* _Input data_:
>>

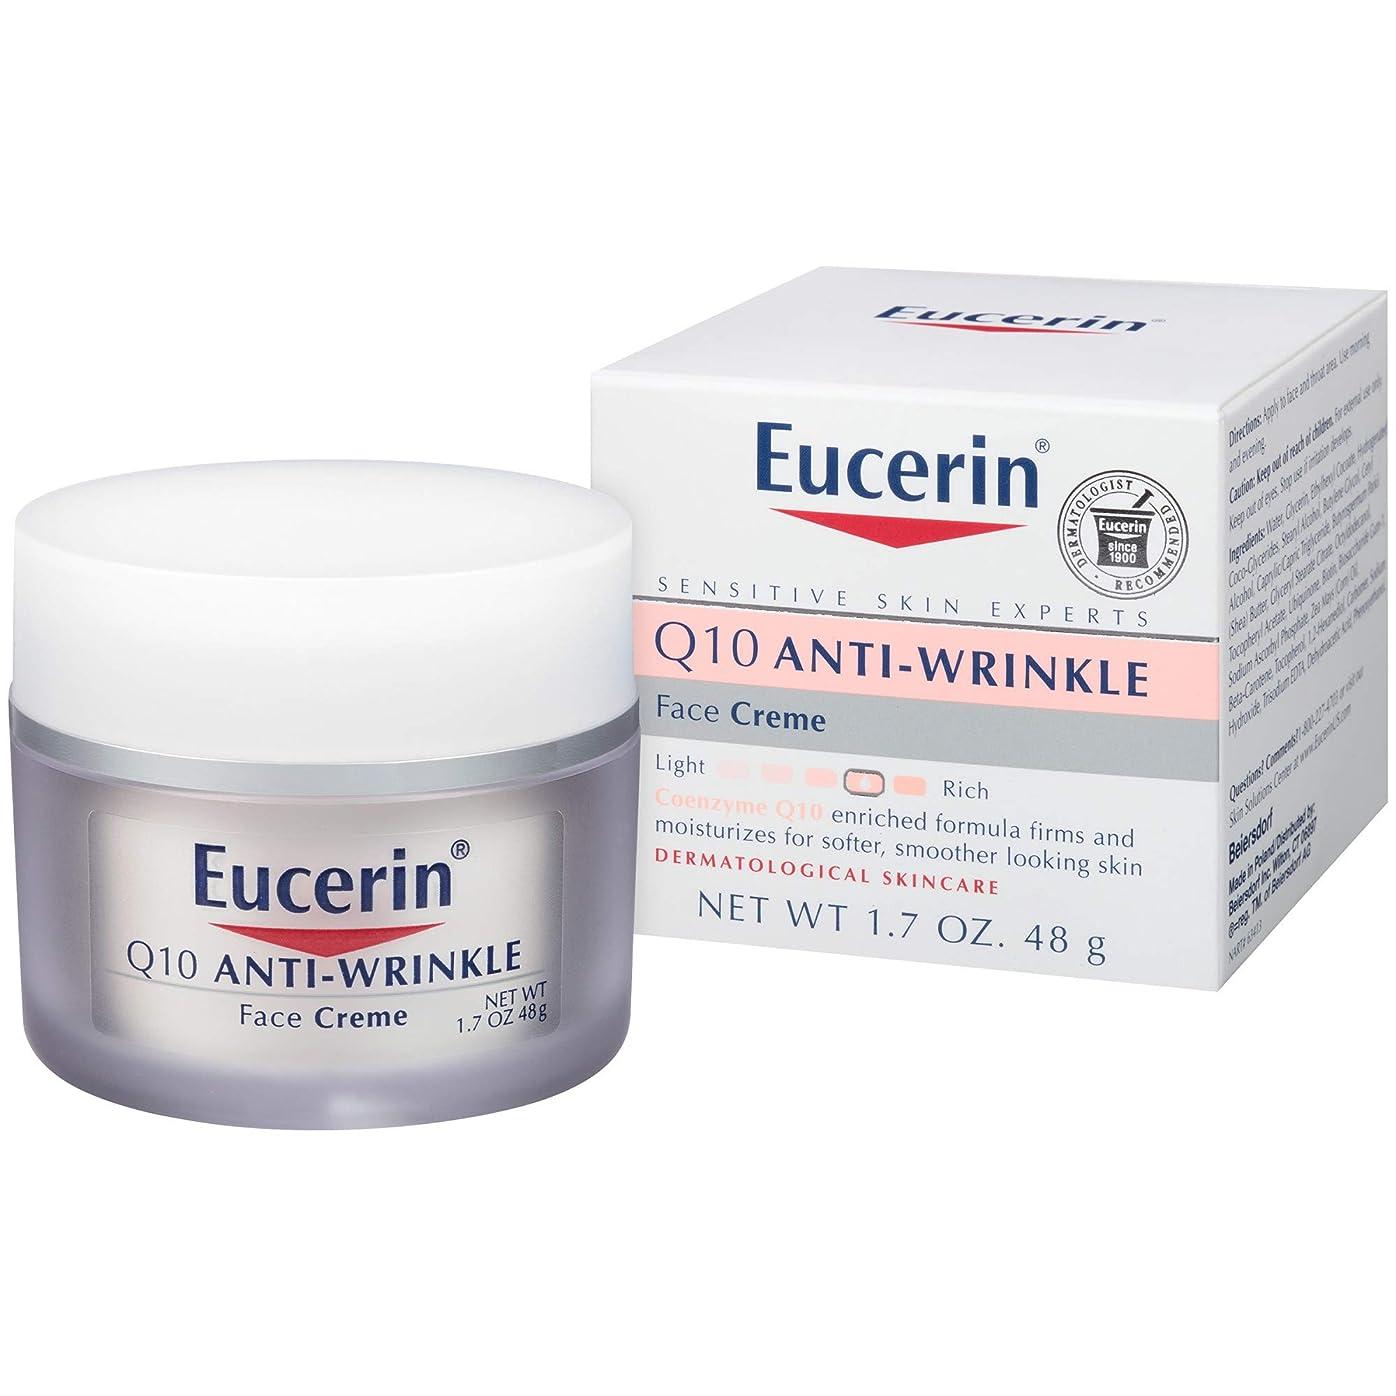 悪因子毎月寄託Eucerin Sensitive Facial Skin Q10 Anti-Wrinkle Sensitive Skin Creme 48g (並行輸入品)
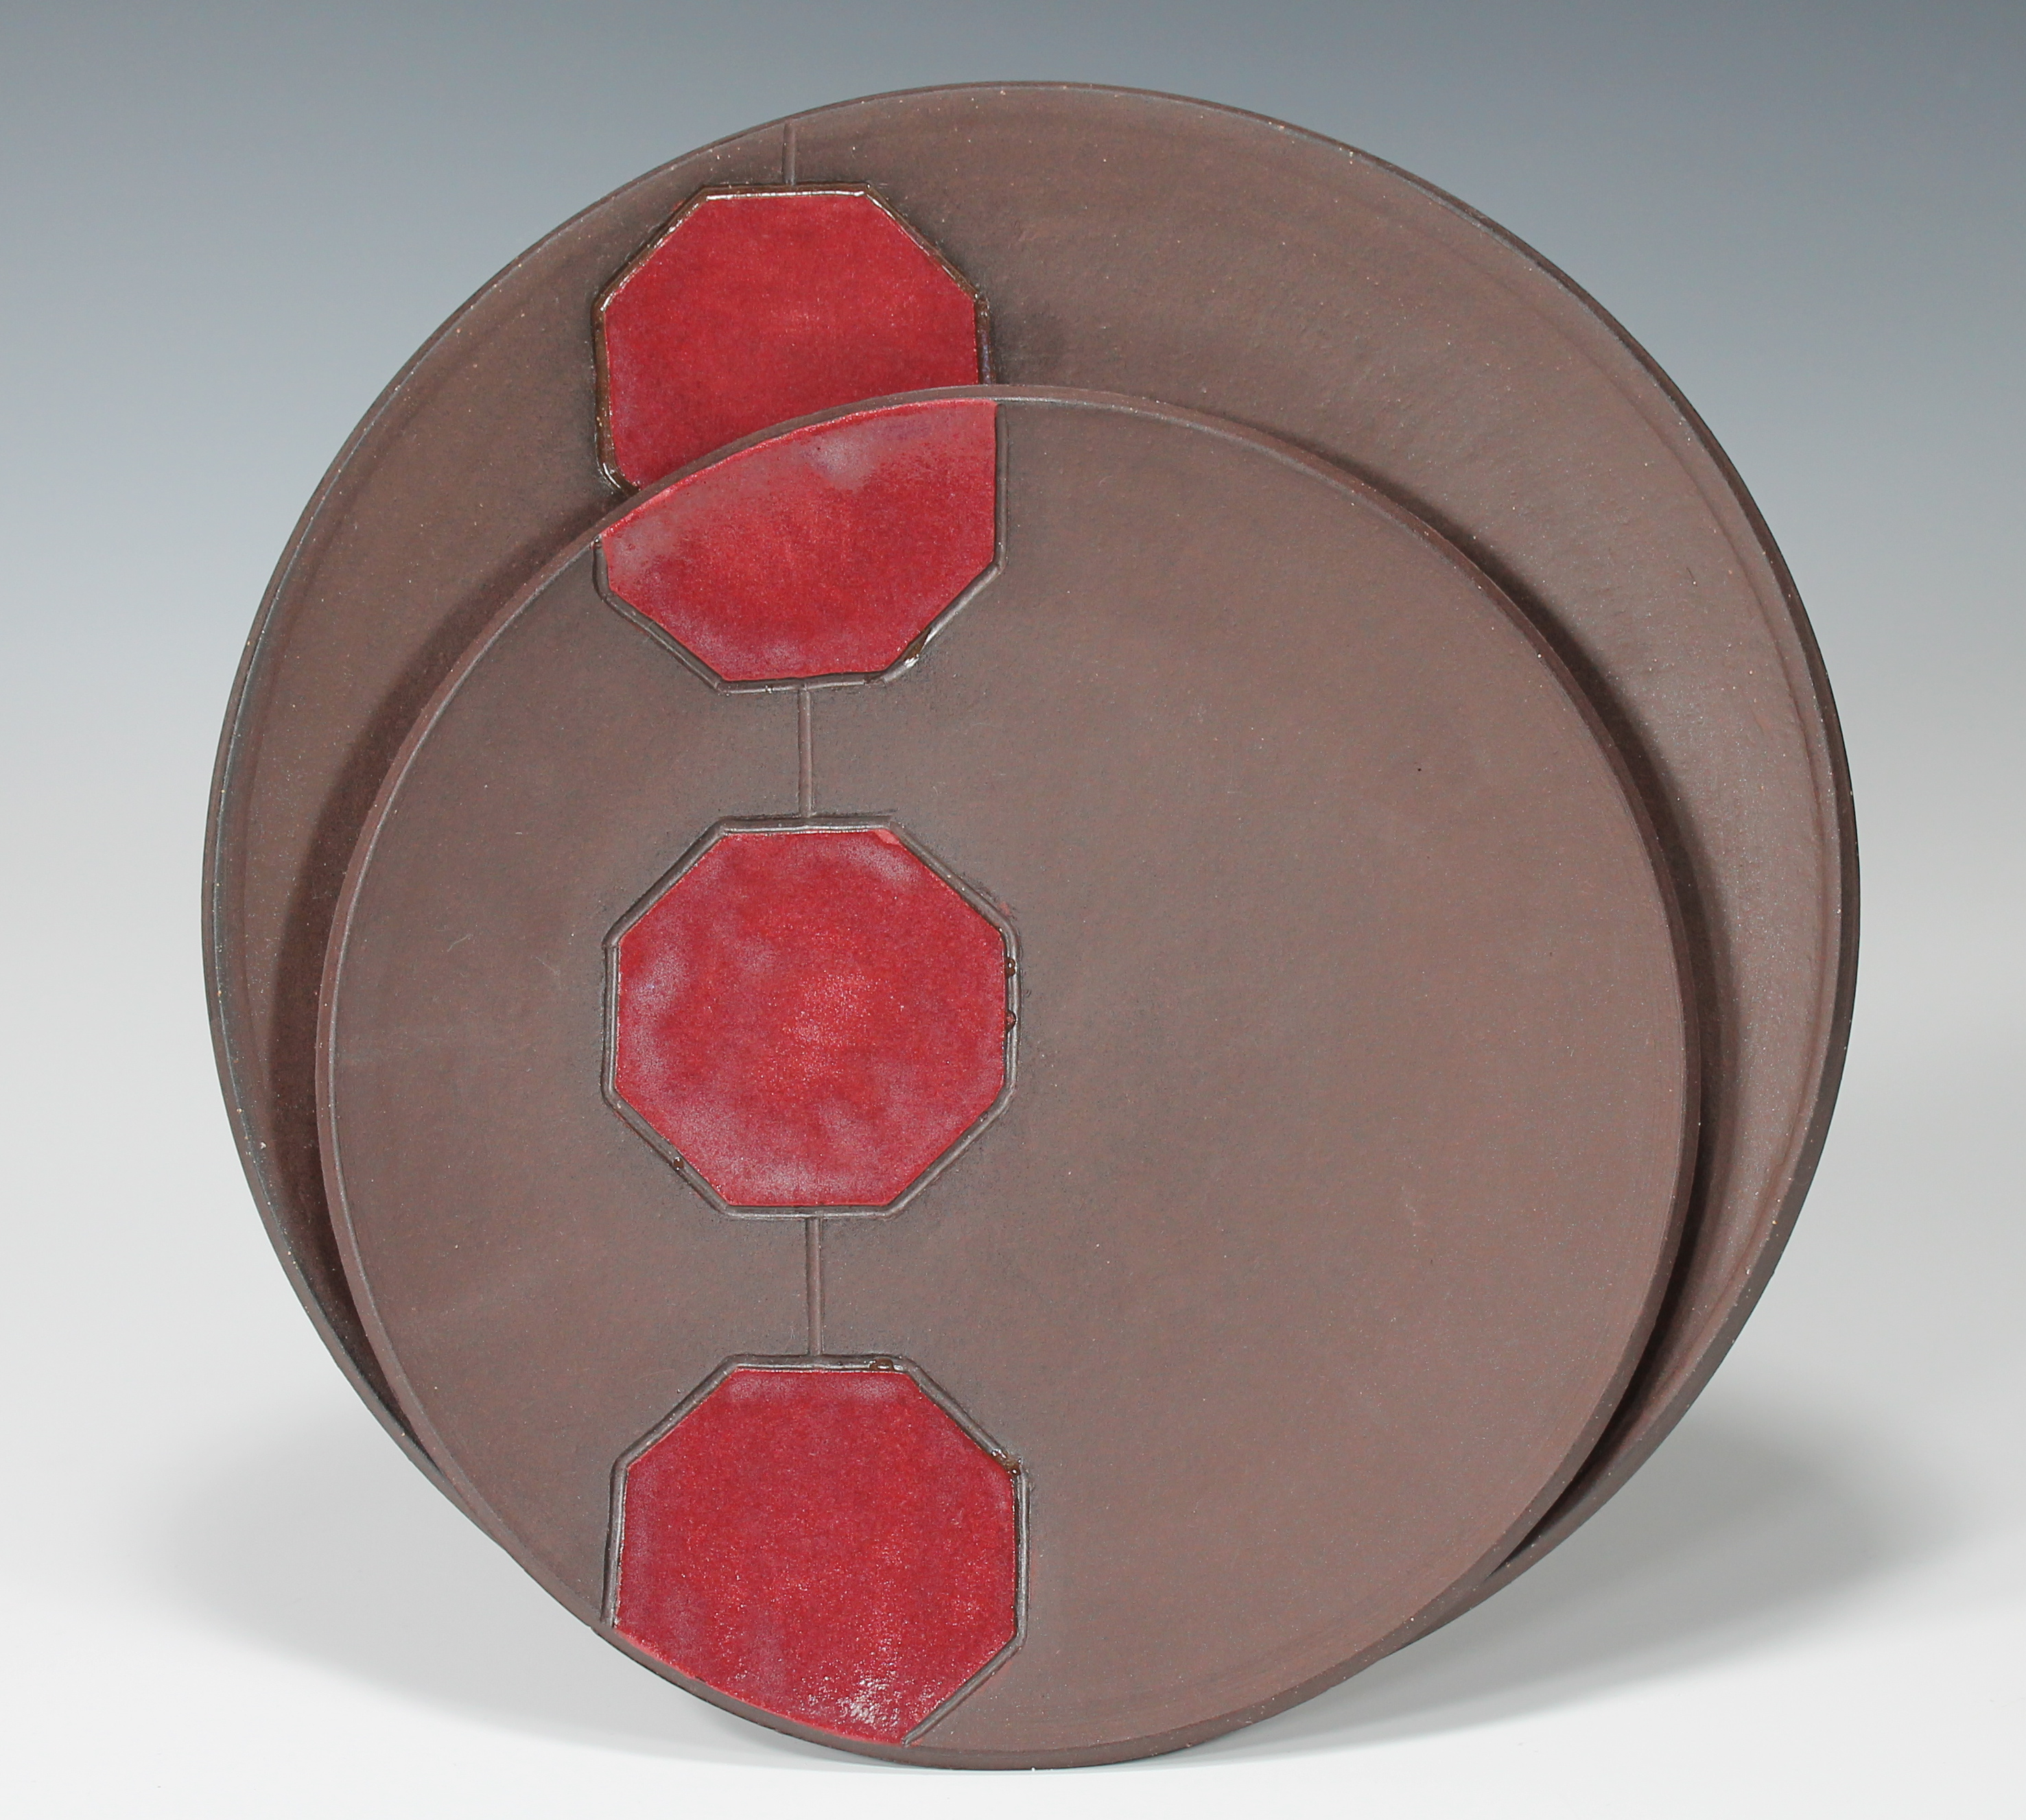 Plates, 2014
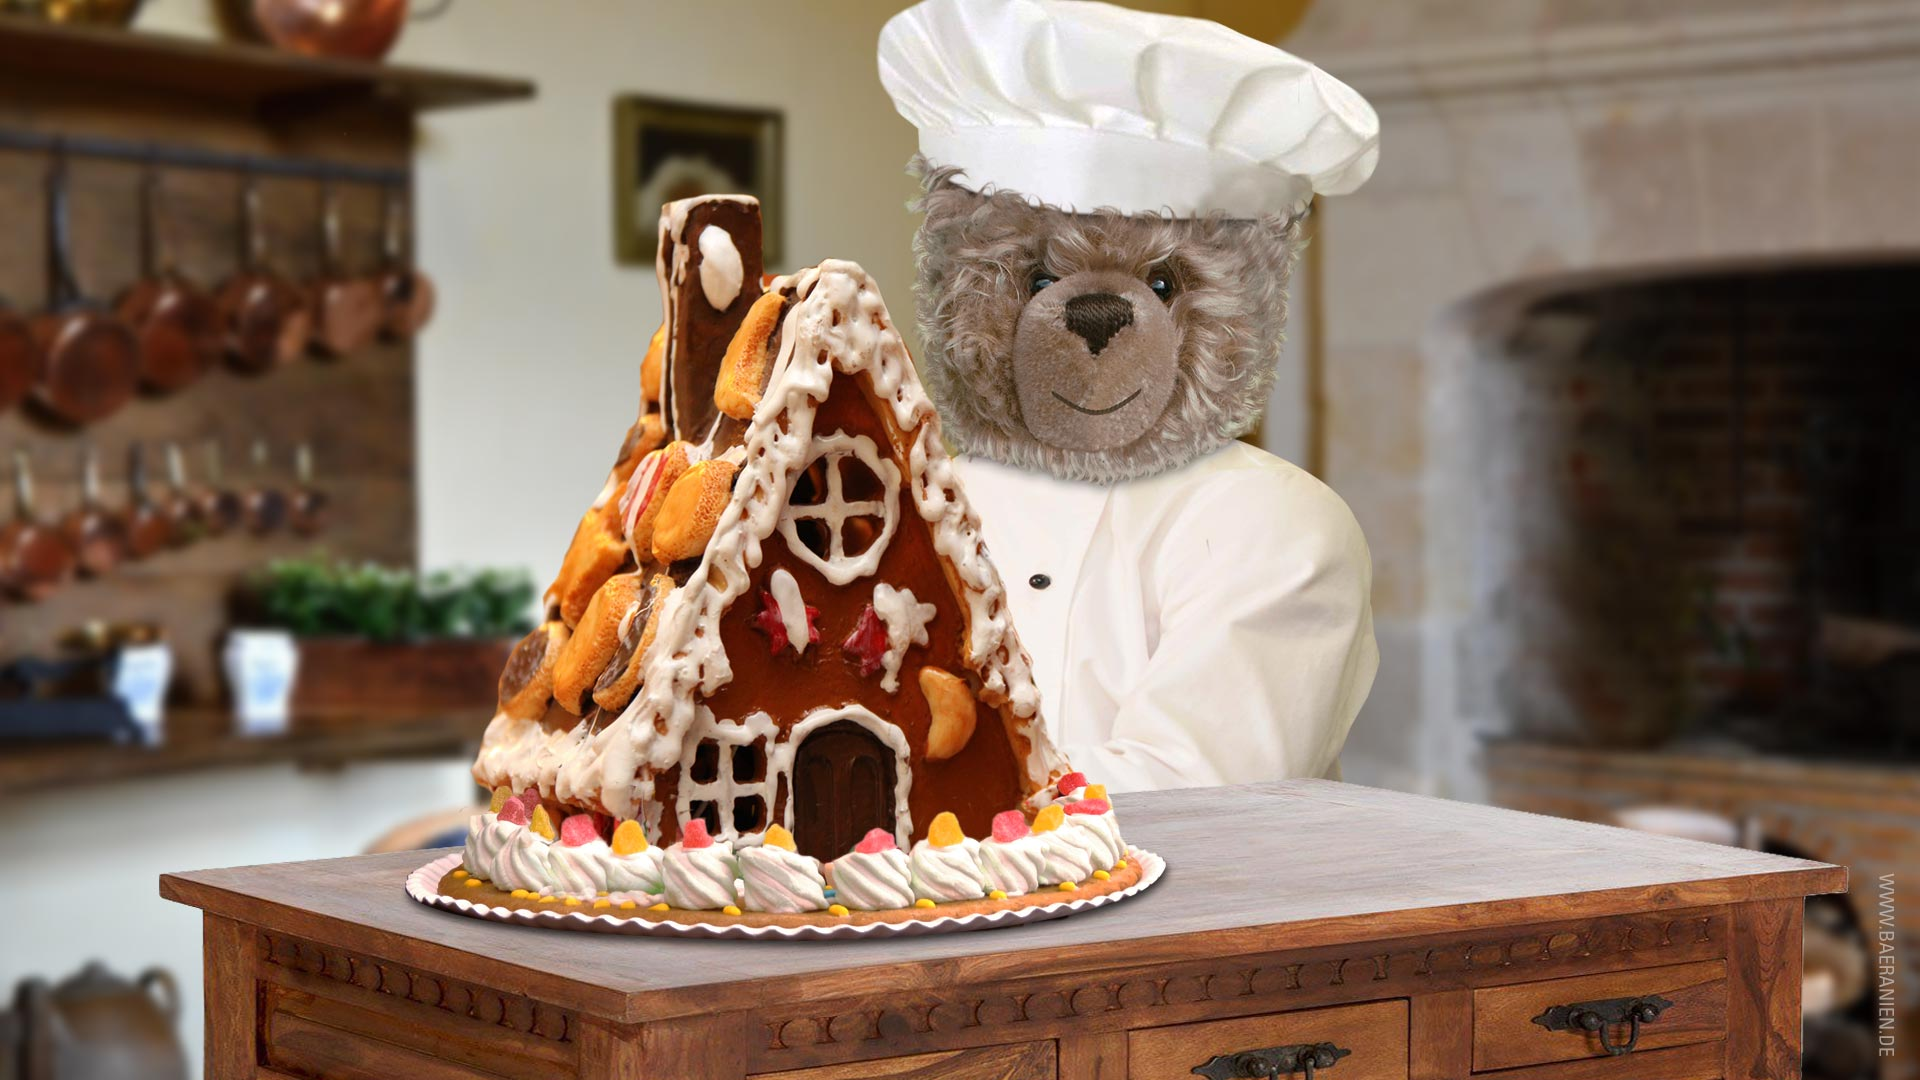 Teddy-König Opa feiert Lebkuchenhaus-Tag

<<

* _Task goal_: From the material above, copy everything exactly but the pictures.

* _Exercise answer_:
 悪因子毎月寄託Eucerin Sensitive Facial Skin Q10 Anti-Wrinkle Sensitive Skin Creme 48g (並行輸入品)
 Plates, 2014
 Teddy-König Opa feiert Lebkuchenhaus-Tag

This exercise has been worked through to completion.